Top of Recorded data

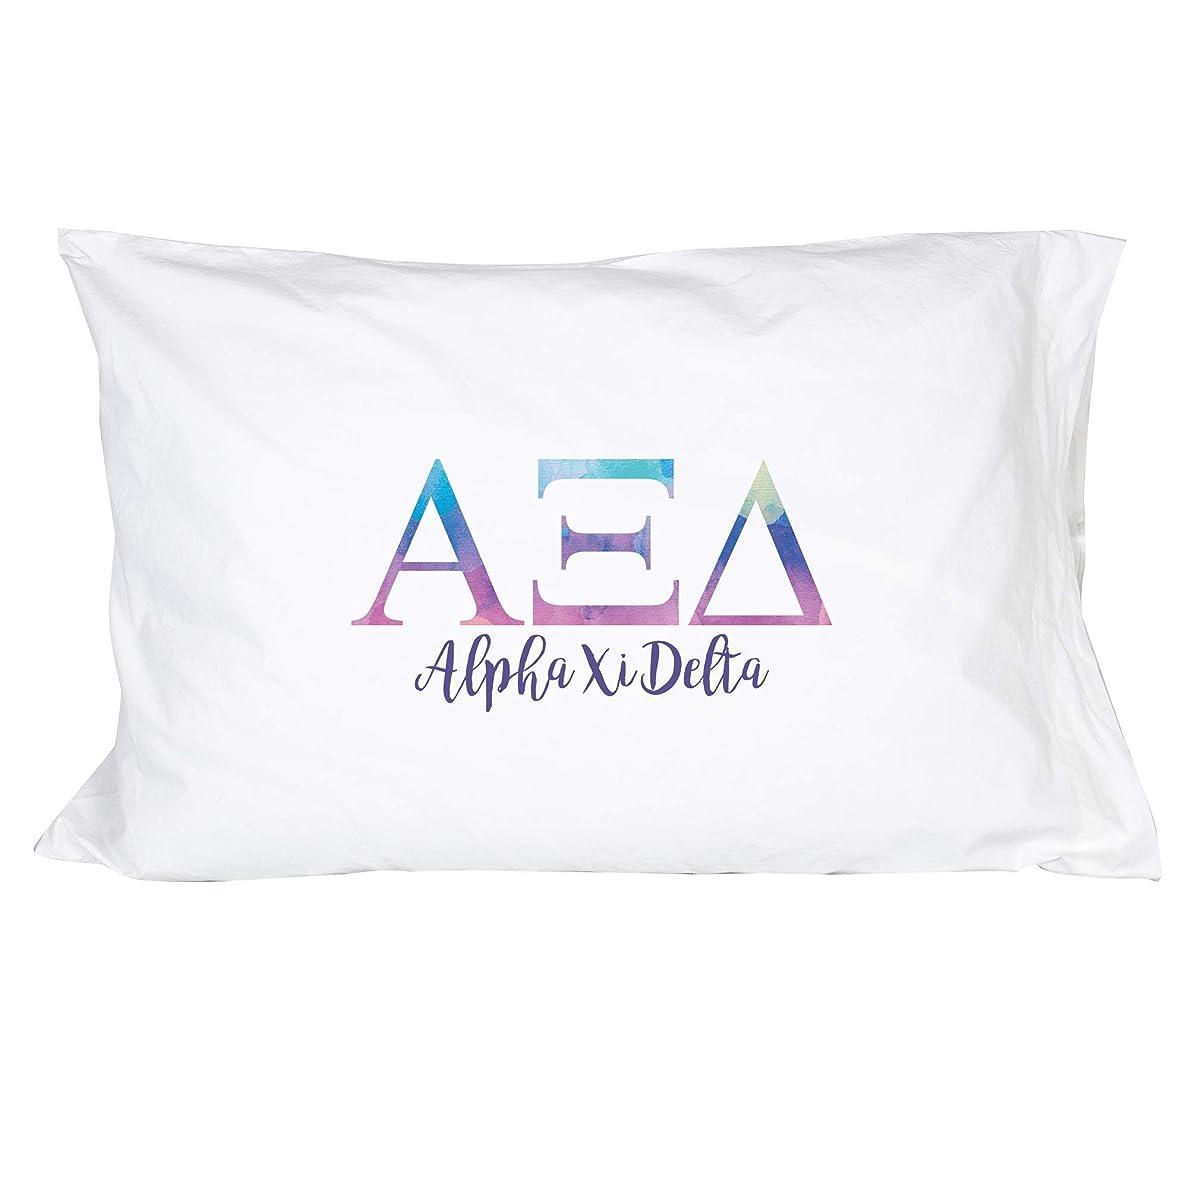 Desert Cactus Alpha Xi Delta Sorority Water Color Pillowcase 300 Thread Count 100% Cotton
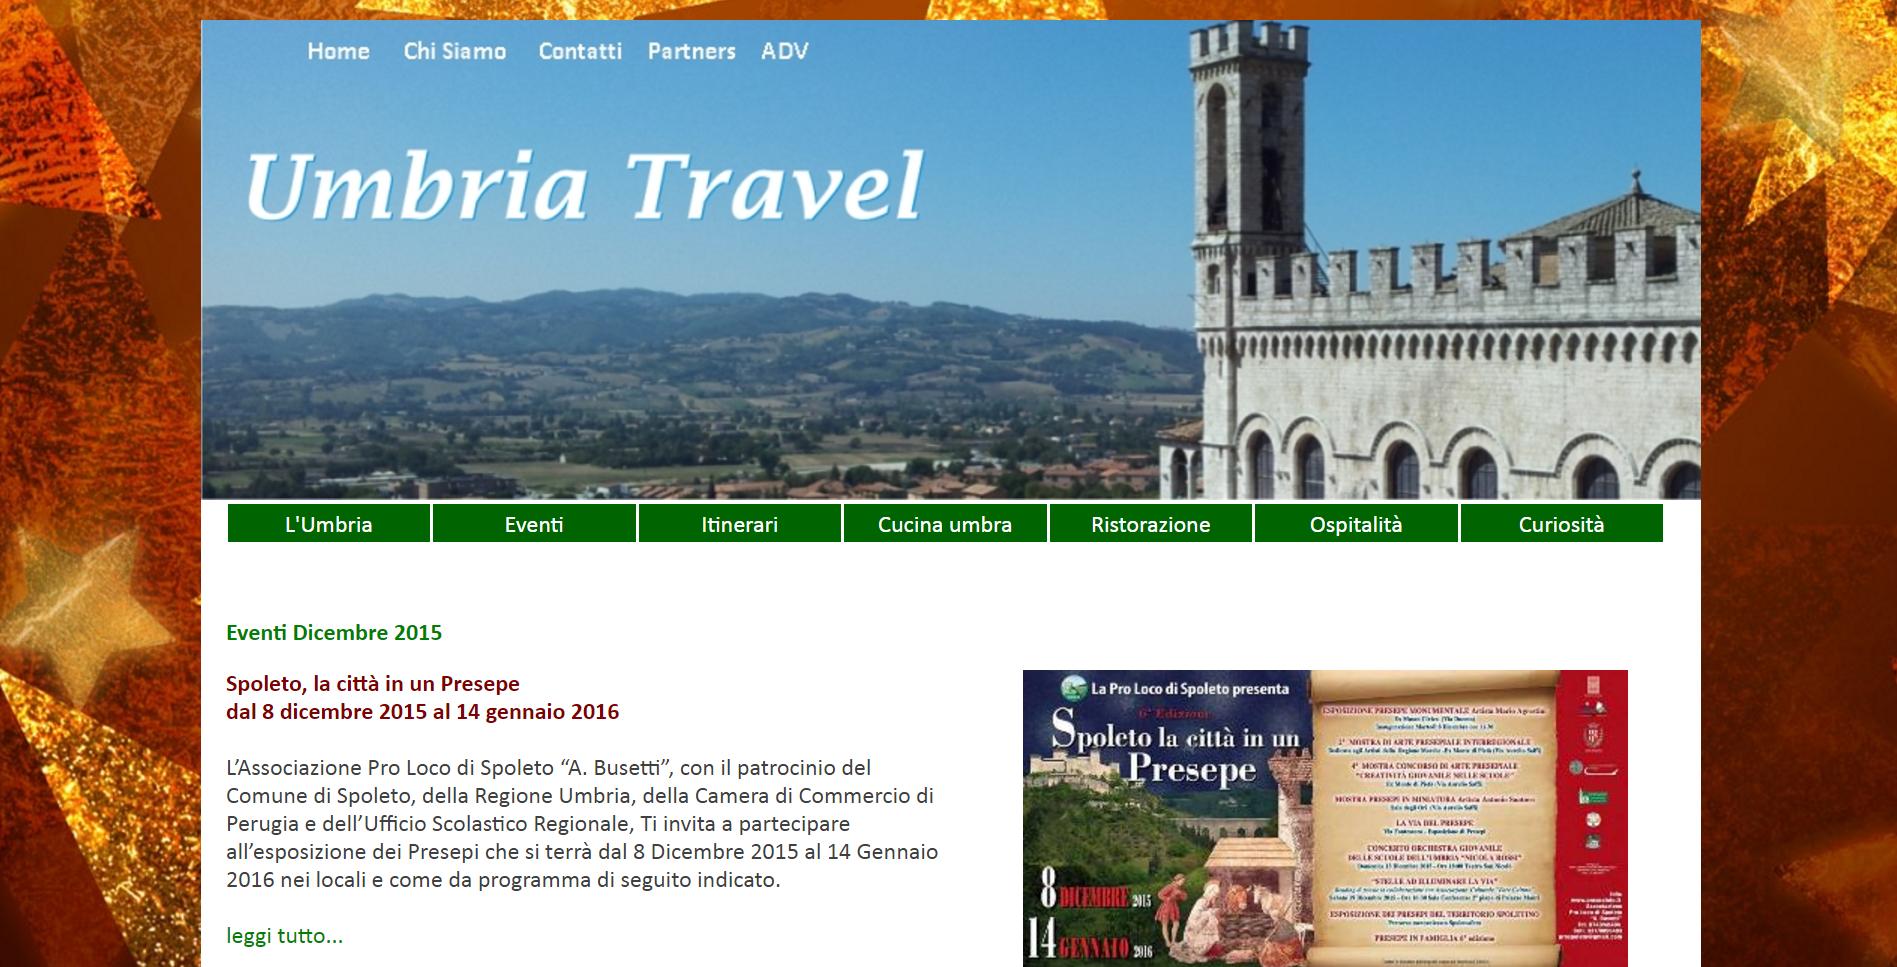 Umbria-travel.eu
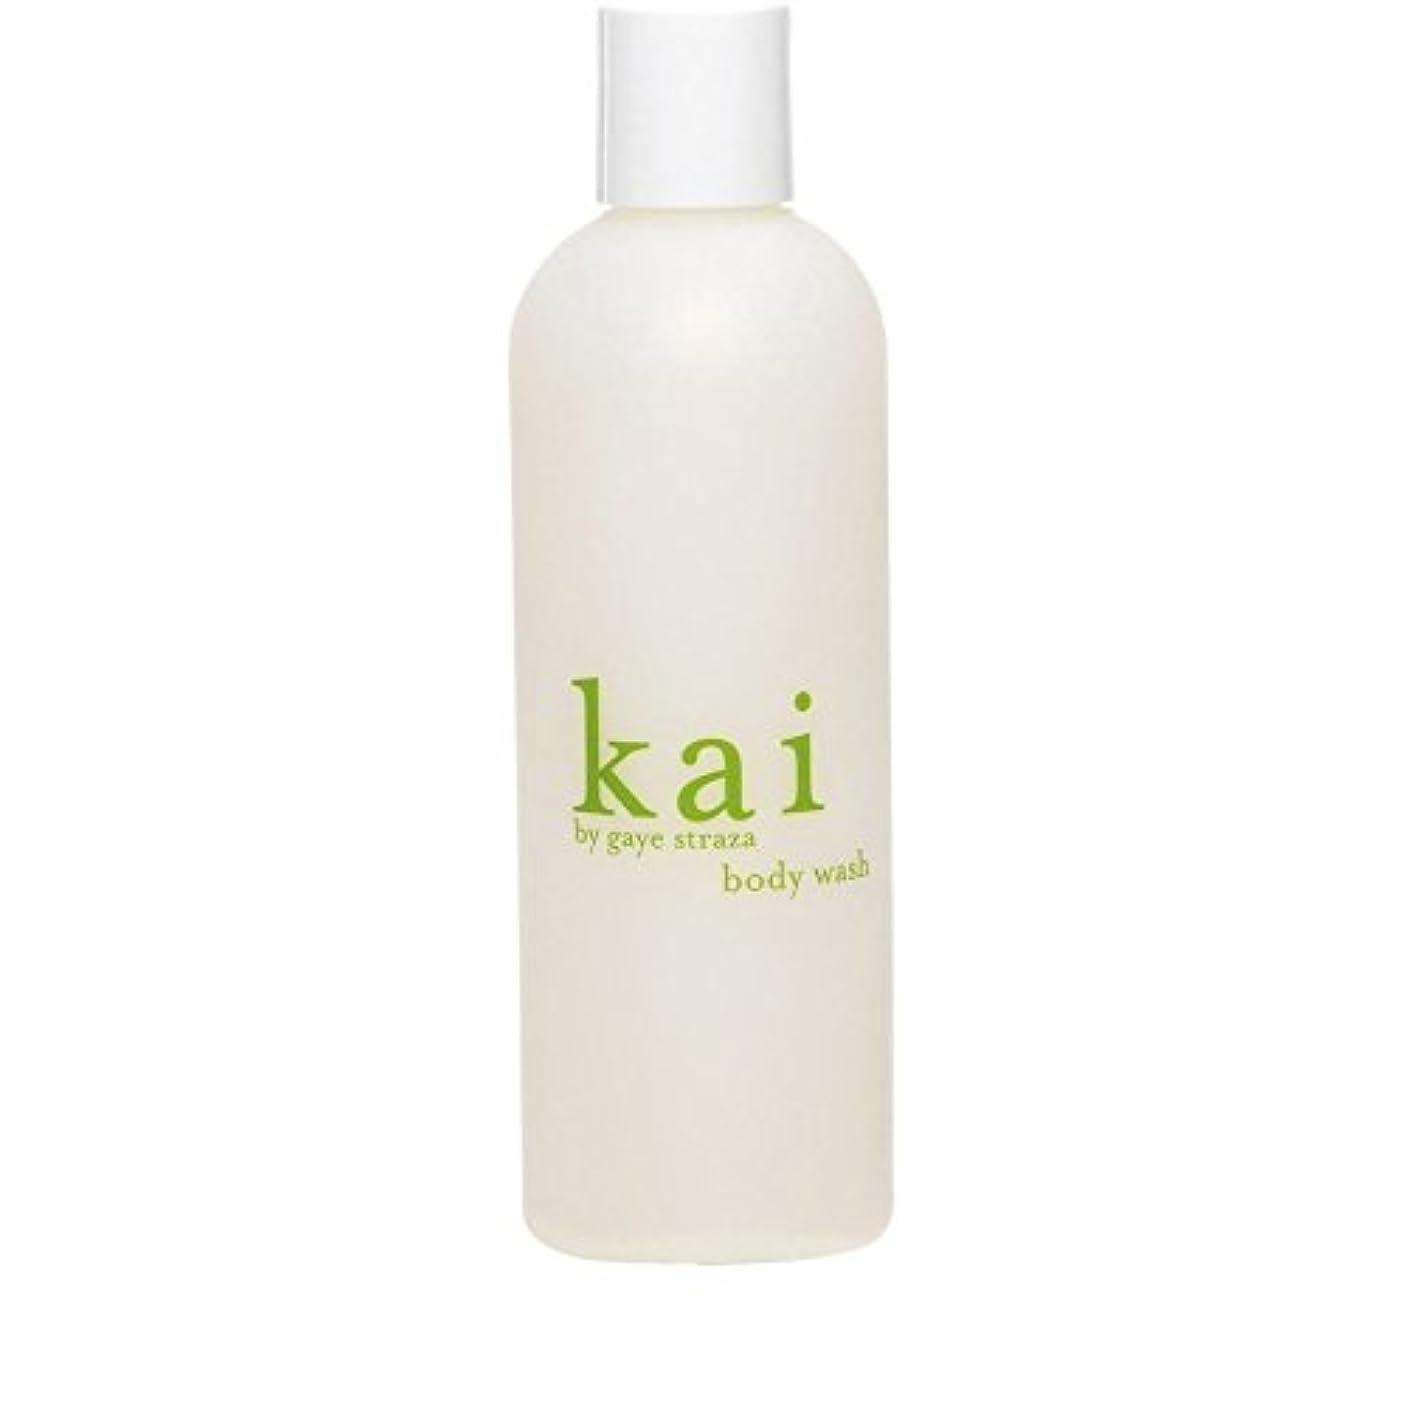 不当旅行者ビンゲイ?ストラザ会ボディウォッシュ235ミリリットルによって会 x2 - Kai by Gaye Straza Kai Body Wash 235ml (Pack of 2) [並行輸入品]
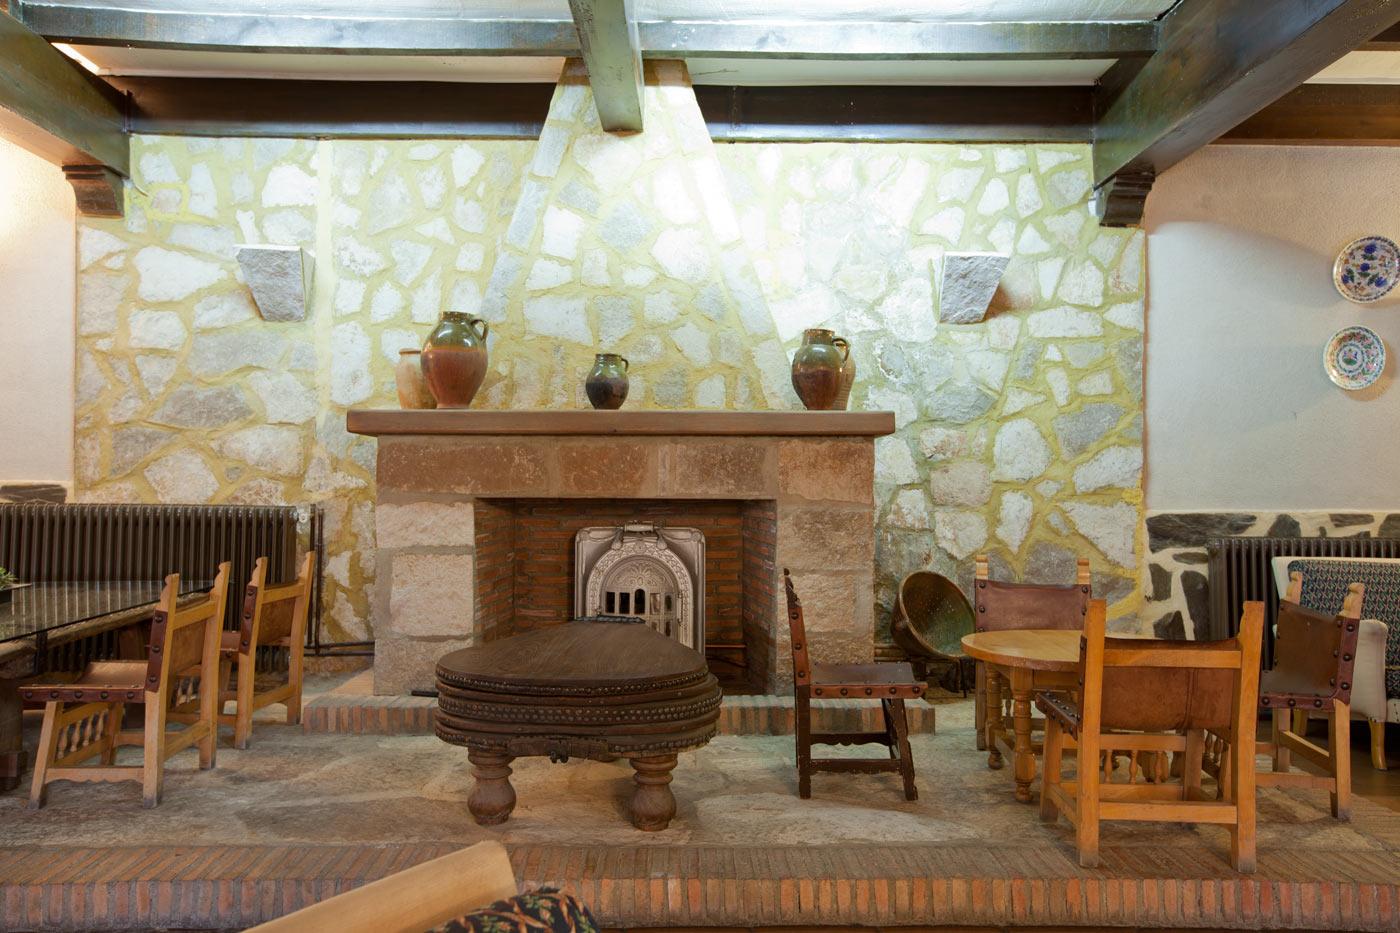 Fotos del hotel cueva del fraile cuenca web oficial for Sala de estar de un hotel

Bottom of Recorded data

▶ **Work to complete**:
Leaving out all pictures, repeat word for word the lines from the one containing "不当旅行者ビンゲイ?ストラザ会ボディウォッシュ235ミリリットルによって会 x2 - Kai" through the final line of the material above.

▶ **Response area**:
 不当旅行者ビンゲイ?ストラザ会ボディウォッシュ235ミリリットルによって会 x2 - Kai by Gaye Straza Kai Body Wash 235ml (Pack of 2) [並行輸入品]
 Fotos del hotel cueva del fraile cuenca web oficial for Sala de estar de un hotel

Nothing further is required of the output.